Work instruction
Print the data below verbatim, minus images.

Recorded information
[Start of section]
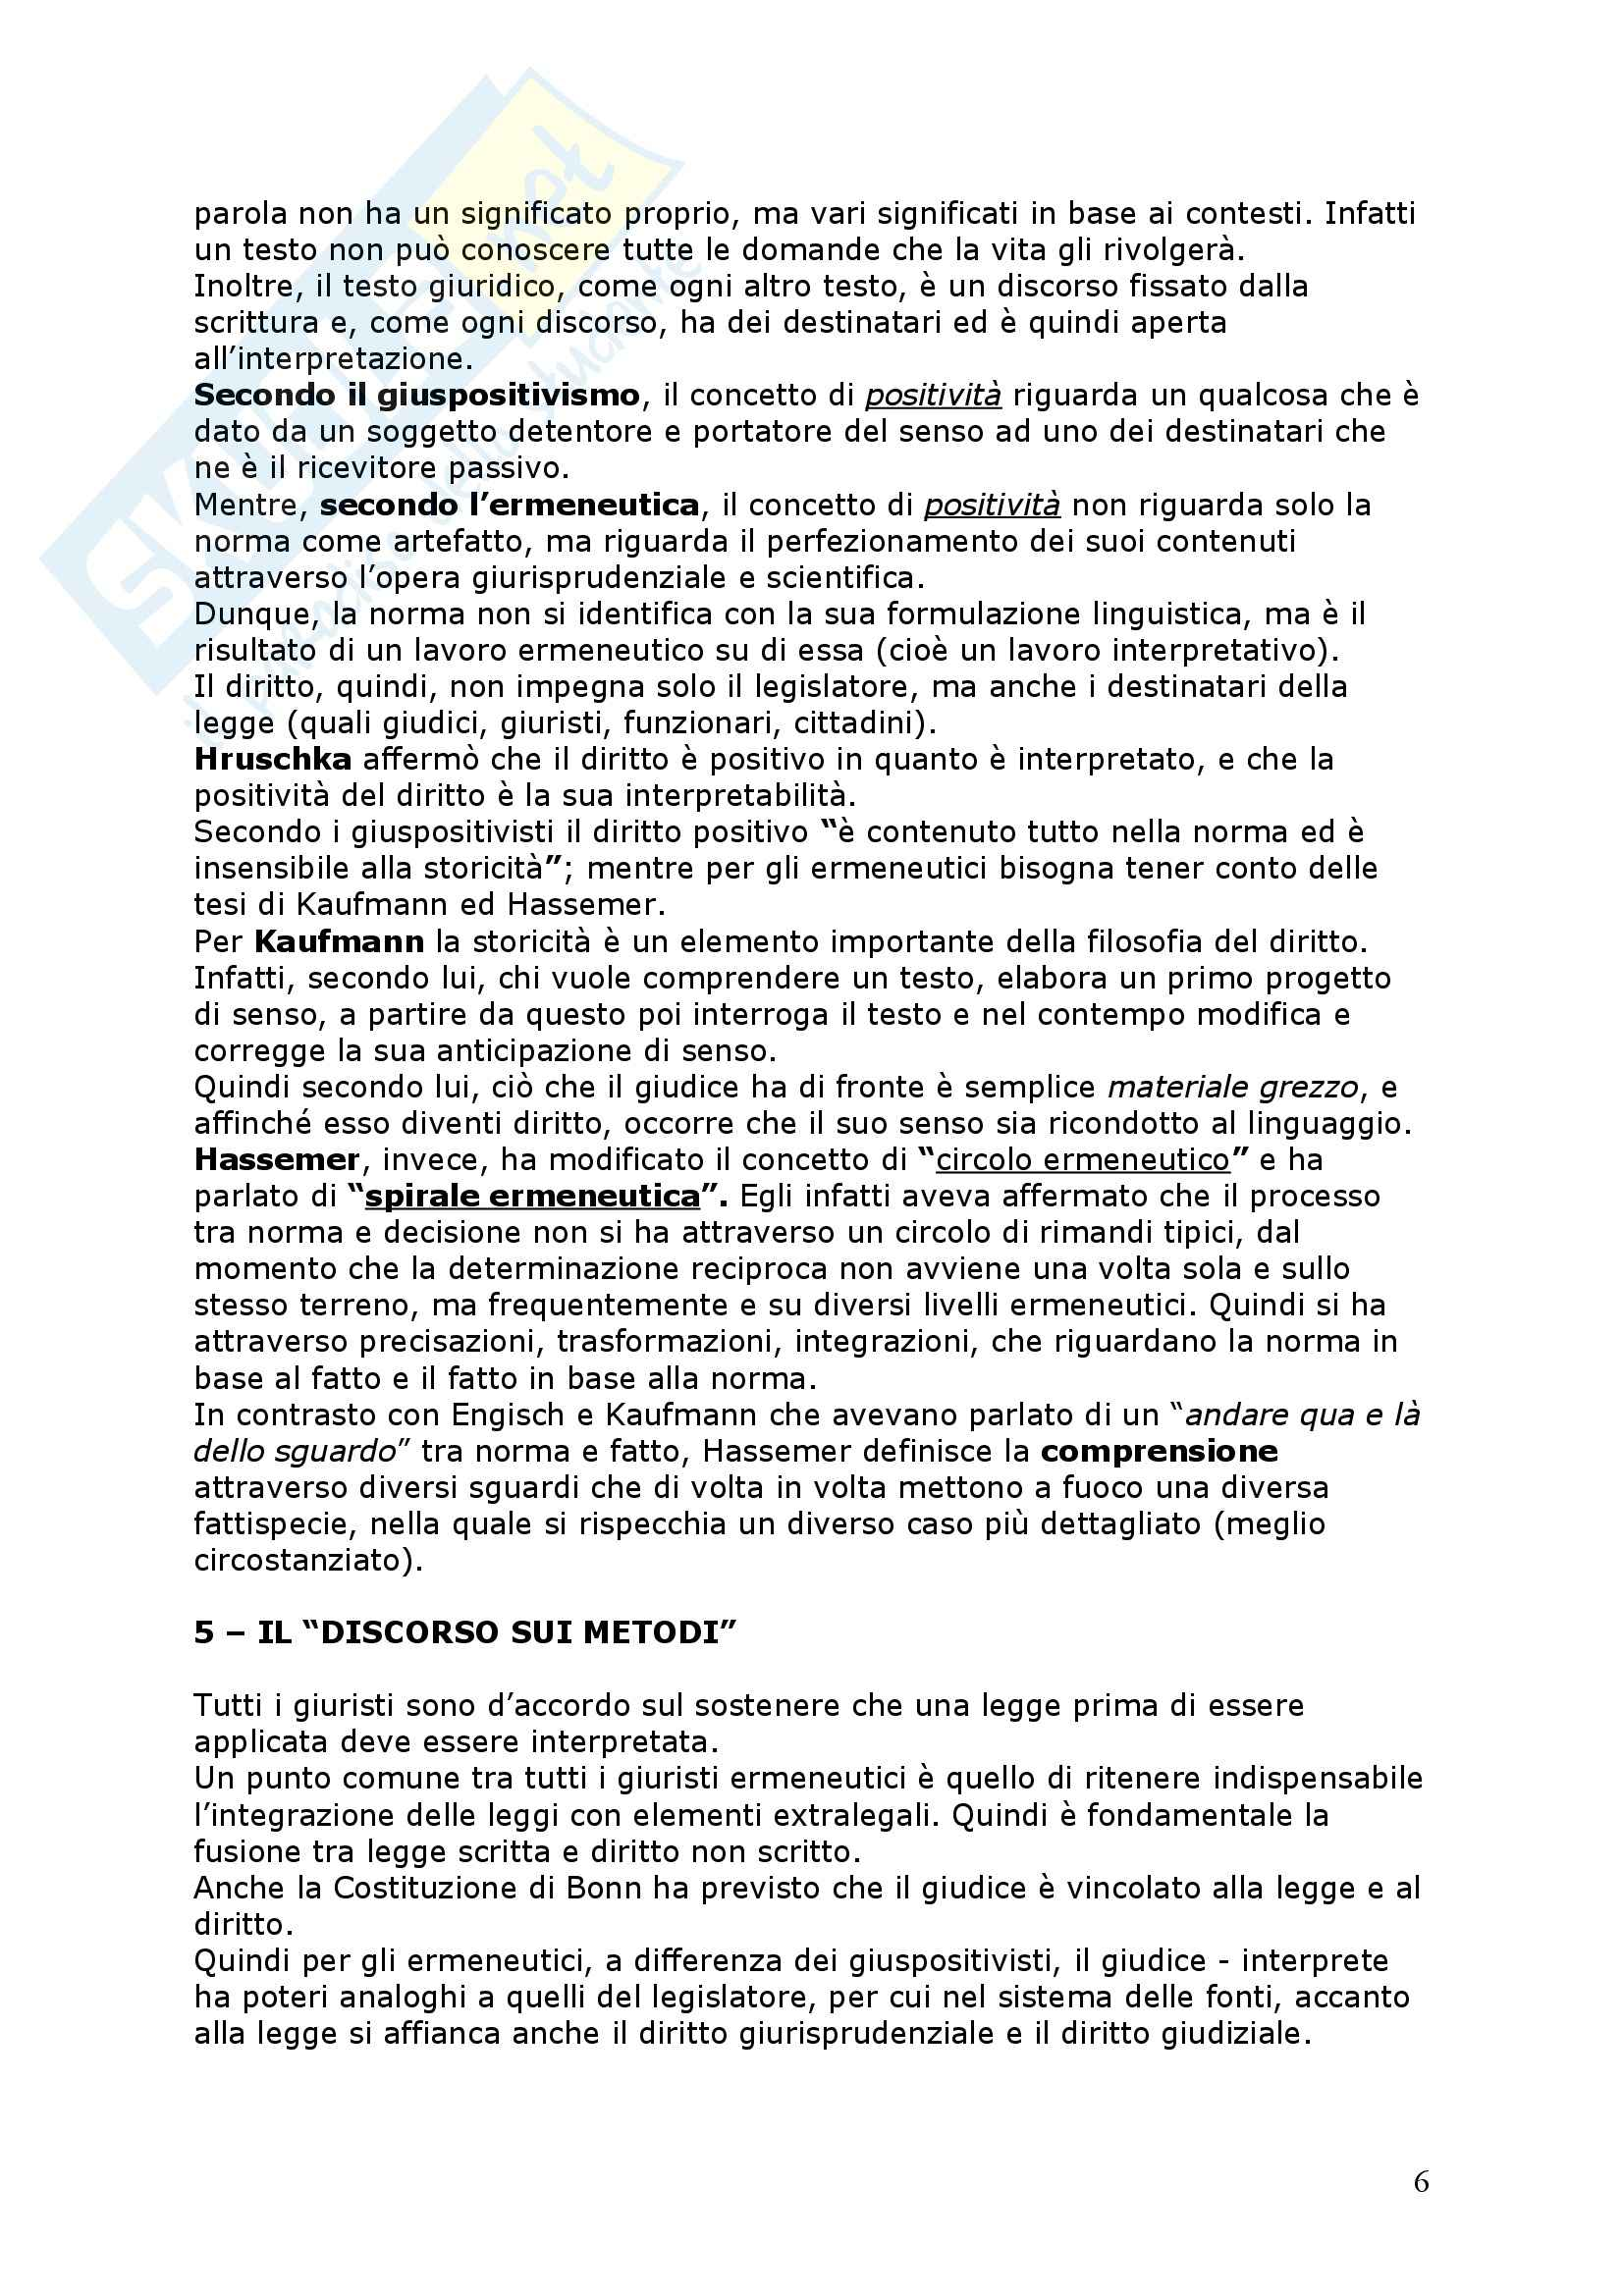 Positivismo giuridico ed ermeneutica filosofica Pag. 6
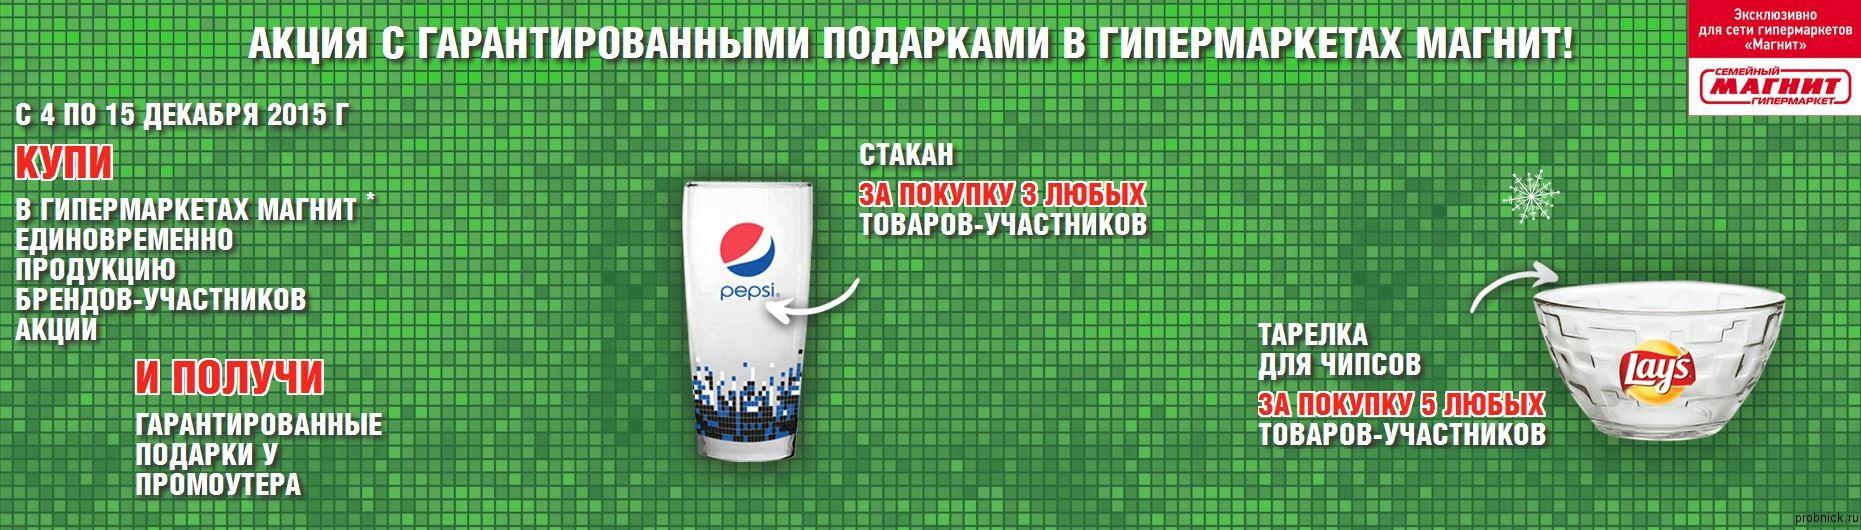 magnit_pepsi_dekabr
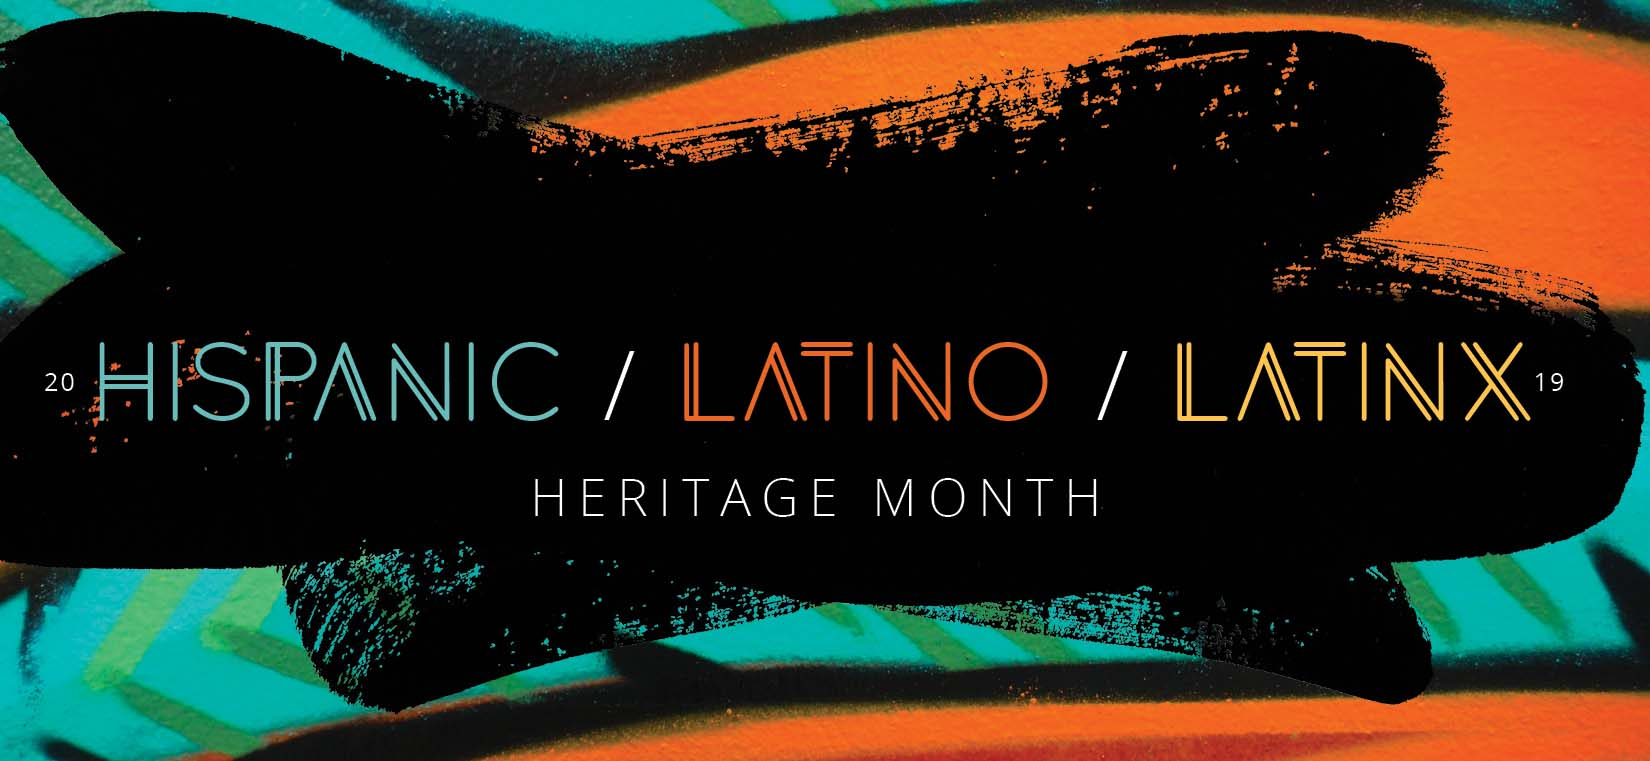 Hispanic/Latino/Latinx Heritage Month Banner
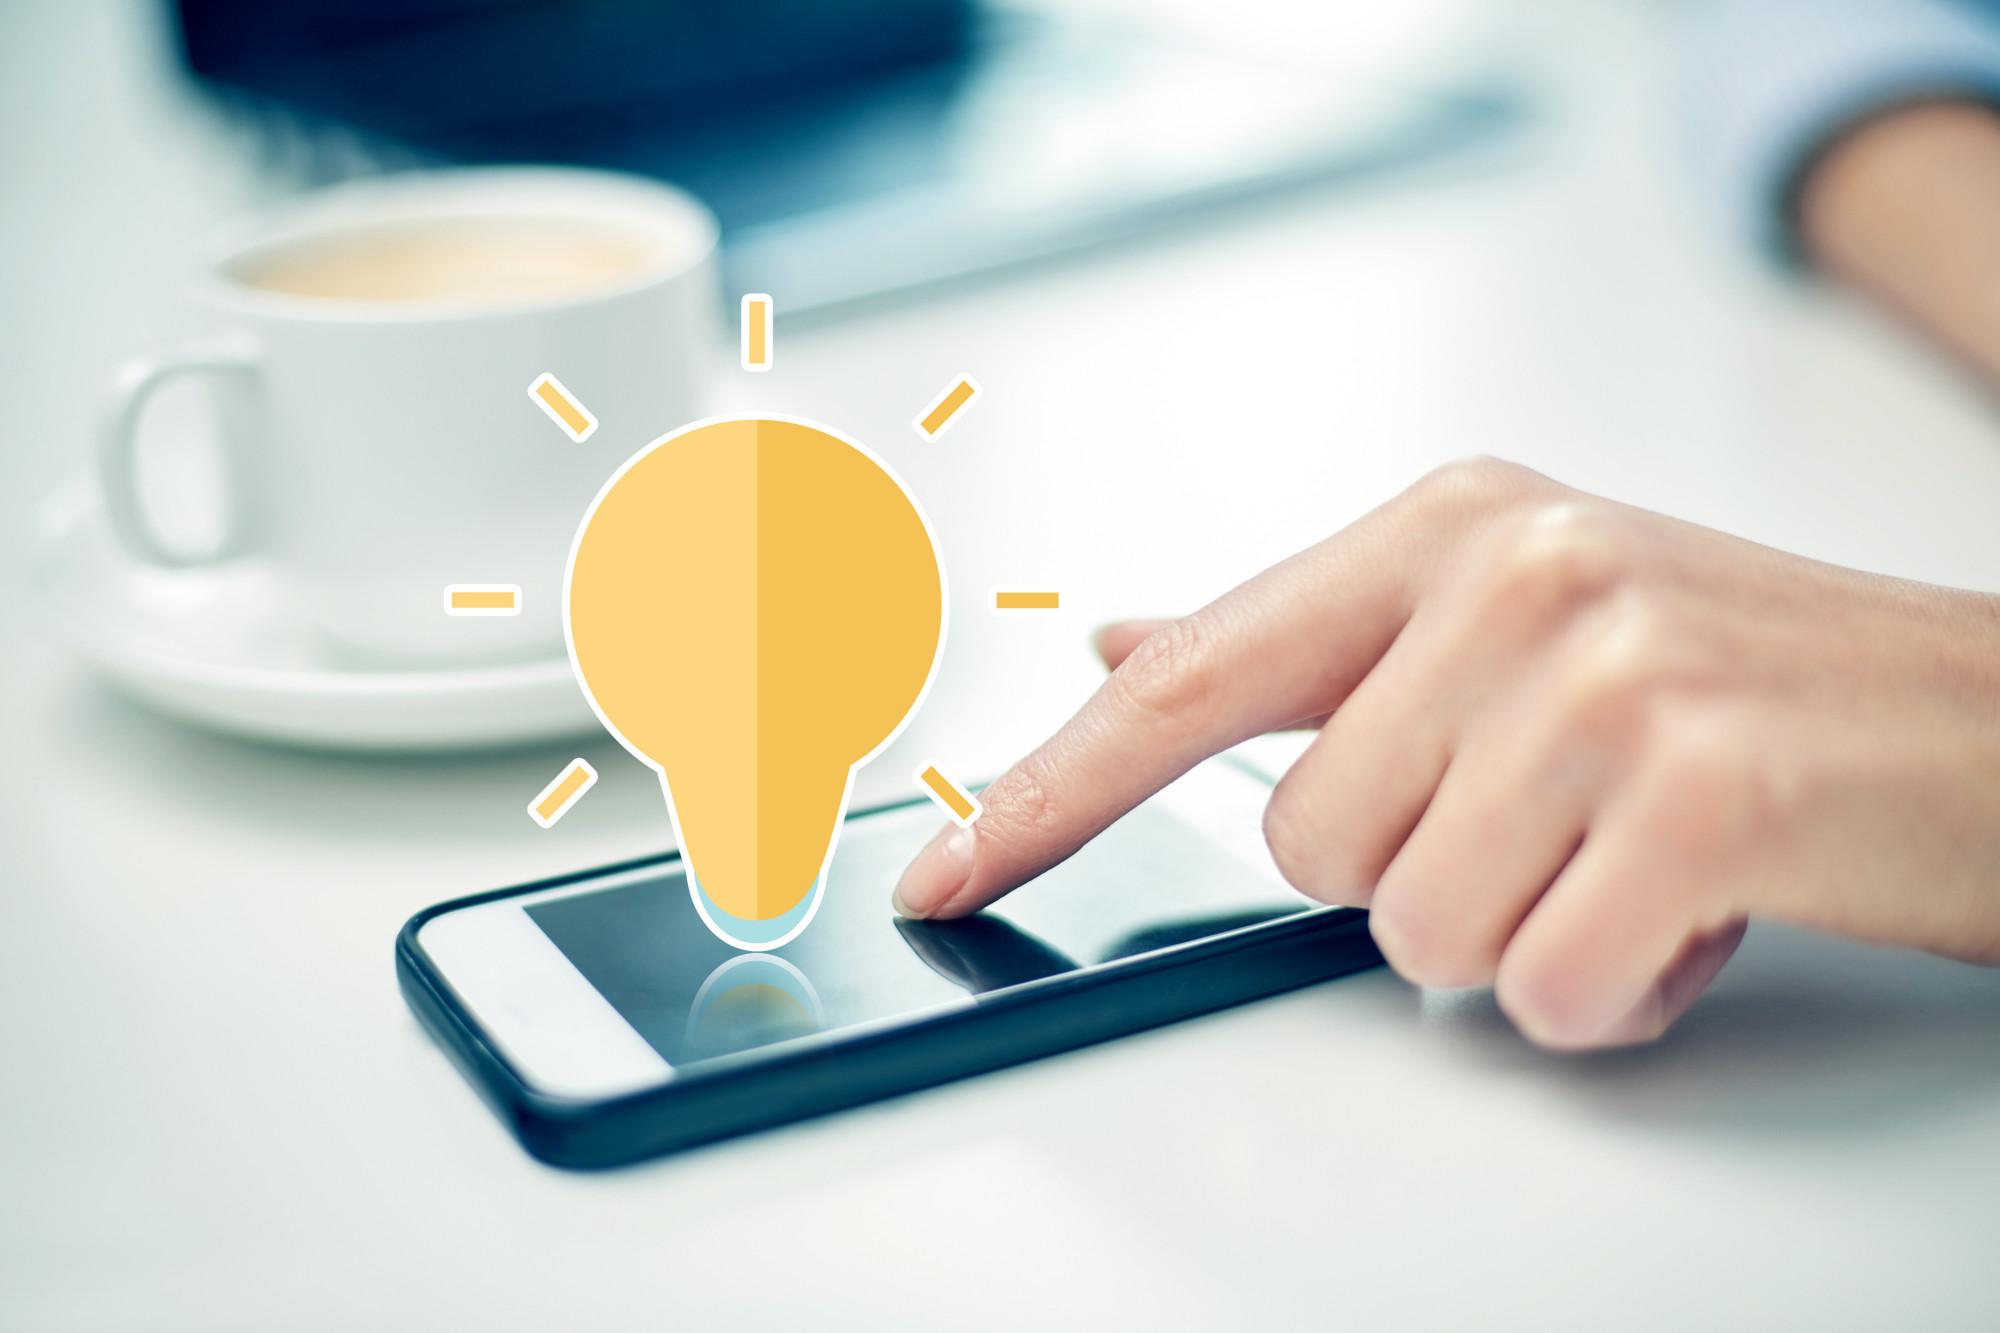 I Have an Idea for an App!: 4 Ways to Know if It's Any Good
[End of section]
Response below
 Positivismo giuridico ed ermeneutica filosofica Pag. 6
 magnit_pepsi_dekabr
 Hispanic/Latino/Latinx Heritage Month Banner
 I Have an Idea for an App!: 4 Ways to Know if It's Any Good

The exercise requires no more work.